I get what you guys mean about me being small now though. I totally forgot GSP walks at like 190. I walk around at like 180-85 though, but I've just beentraining really hard lately so I got my weight down around there. I'll seriously consider cutting to LW though, it's been a factor I've been thinking about a lot latel, as most of the lightweights around here are around 5'6'' or so. Remember too, this is just local shit, not anything too big so the competition isnt anything astounding. There's ONE gym in the town next to the events and I went up there and beat quite a few of them fairly easily too, so the competition level isnt al that high. Although there is a gym up north (I think they come from Battle Creek, Michigan) who seem pretty ******* serious, but mostly its an open event. Meaning people can (and do) walk in and get a fight. After about 3 or 4 fights there I'm going to try and get better fights, just testing the waters right now and seeing if I can do this as well as I think I can. Thanks for all the advice though guys 


And lastly, to the guy who poasted on the last page telling me to ask a coach. I have, he told me to fight were I feel comfortable. And a lot of these "Ninteen year olds on he net" know a hell of a lot about MMA and I'm guessing (hoping) that about 30% of thee people who post regularly on here actually fight


----------



## CopperShark (May 13, 2006)

Personally, I'd fight at what you are comfortable at.. 

Unless you are like me, and you like to fight the big guys! 

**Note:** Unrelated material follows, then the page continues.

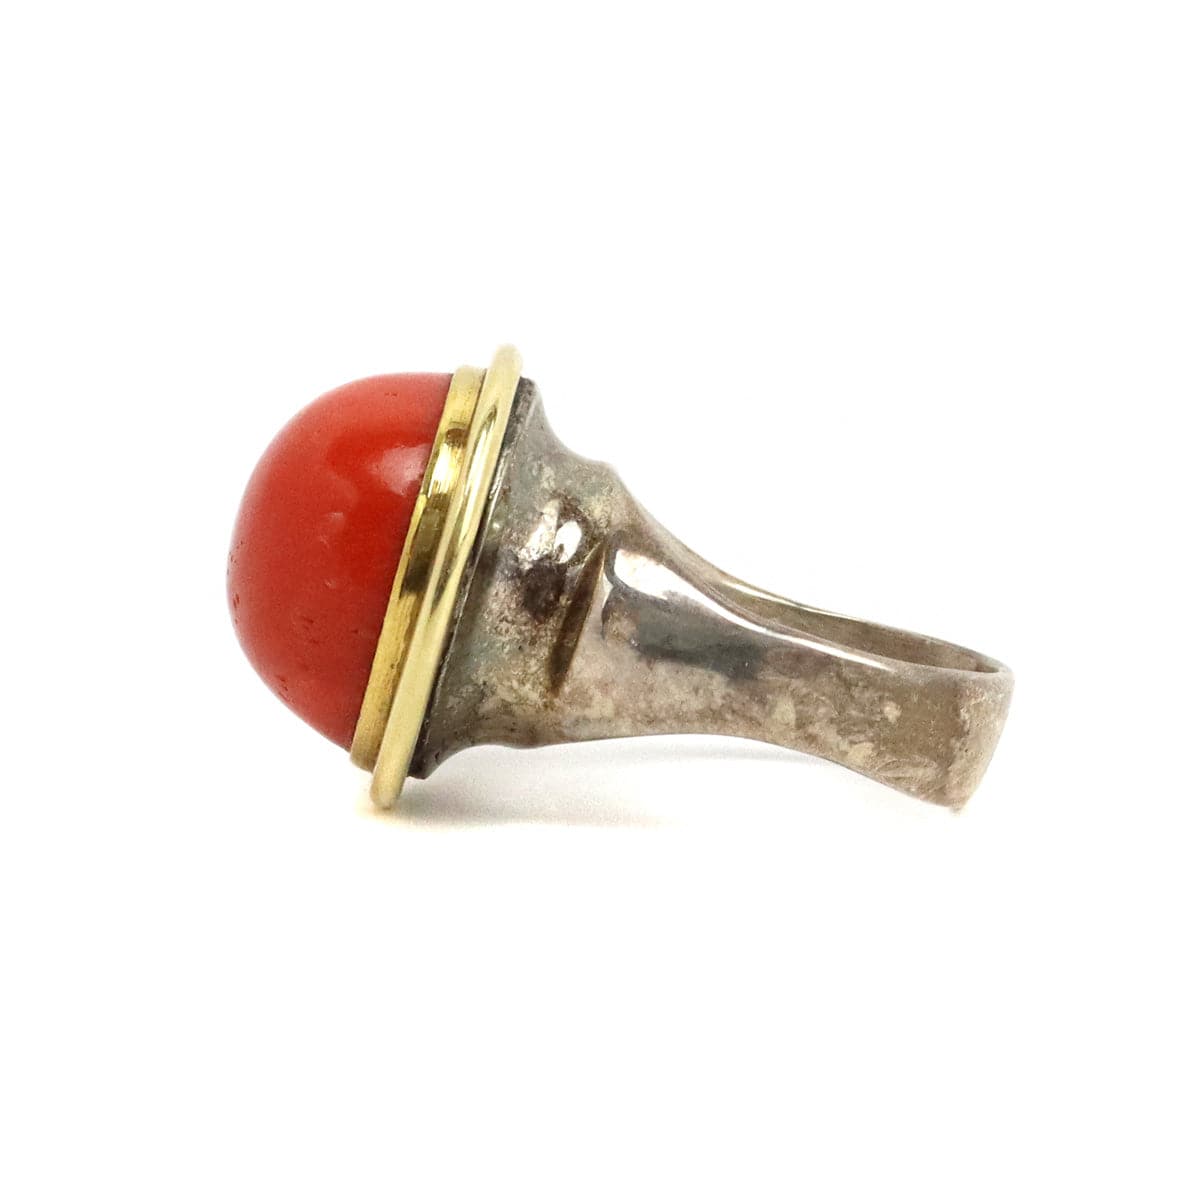 Frank Frank Jr. - Coral, 18K Gold, and Sterling Silver Ring, size 10.25 (J91699-0123-010) 4

I come up in weight as much as I can.


----------



## truebluefan (Oct 22, 2007)

Restoring the thread


----------



## kantowrestler (Jun 6, 2009)

*Cutting*

Compared to what some of theses guys cut, 15 pounds is not bad. You think of guys like Forrest Griffin or Anderson Silva who cut down over 20 pounds to get to their weightclasses, and how they do that without killing themselves I don't know, 15 pounds is not bad. Randy Couture does that to get to lightheavyweight and he looks just fine!


----------



## Uchaaa (Apr 22, 2007)

You are not a pro fighter, dont hurt your body. I would recommend you to fight at ww.


----------



## Drogo (Nov 19, 2006)

It depends on how serious you plan on being with this. If you want to really try to go far then you want to win every fight. Any loss is a setback. If that is the case then it is easy, if you can cut to LW, do it. Being larger than your opponent is always an advantage. If you have no intention of making a career out of this then cutting 15lbs (or more) is a needless strain on your body. 

And GSP didn't walk around at 190+, for the majority of his career he walked around at 185 so he was only cutting 15lbs. It is only recently that he has been trying to get his weight up, presumably for a move to MW, and now he is walking around at about 200.


----------



## kantowrestler (Jun 6, 2009)

*Bodily Harm*

If all the wrestlers who have cut weight, including myself, thought about the fact that this wasn't going to be their career, they would've done it! And that doesn't even include wrestlers from past decades who cut much more weight than wrestlers nowadays because of weight cutting regulations. There really should be regulations at the higher level, but no one has died from cutting weight for MMA yet so they probably won't until they do.


----------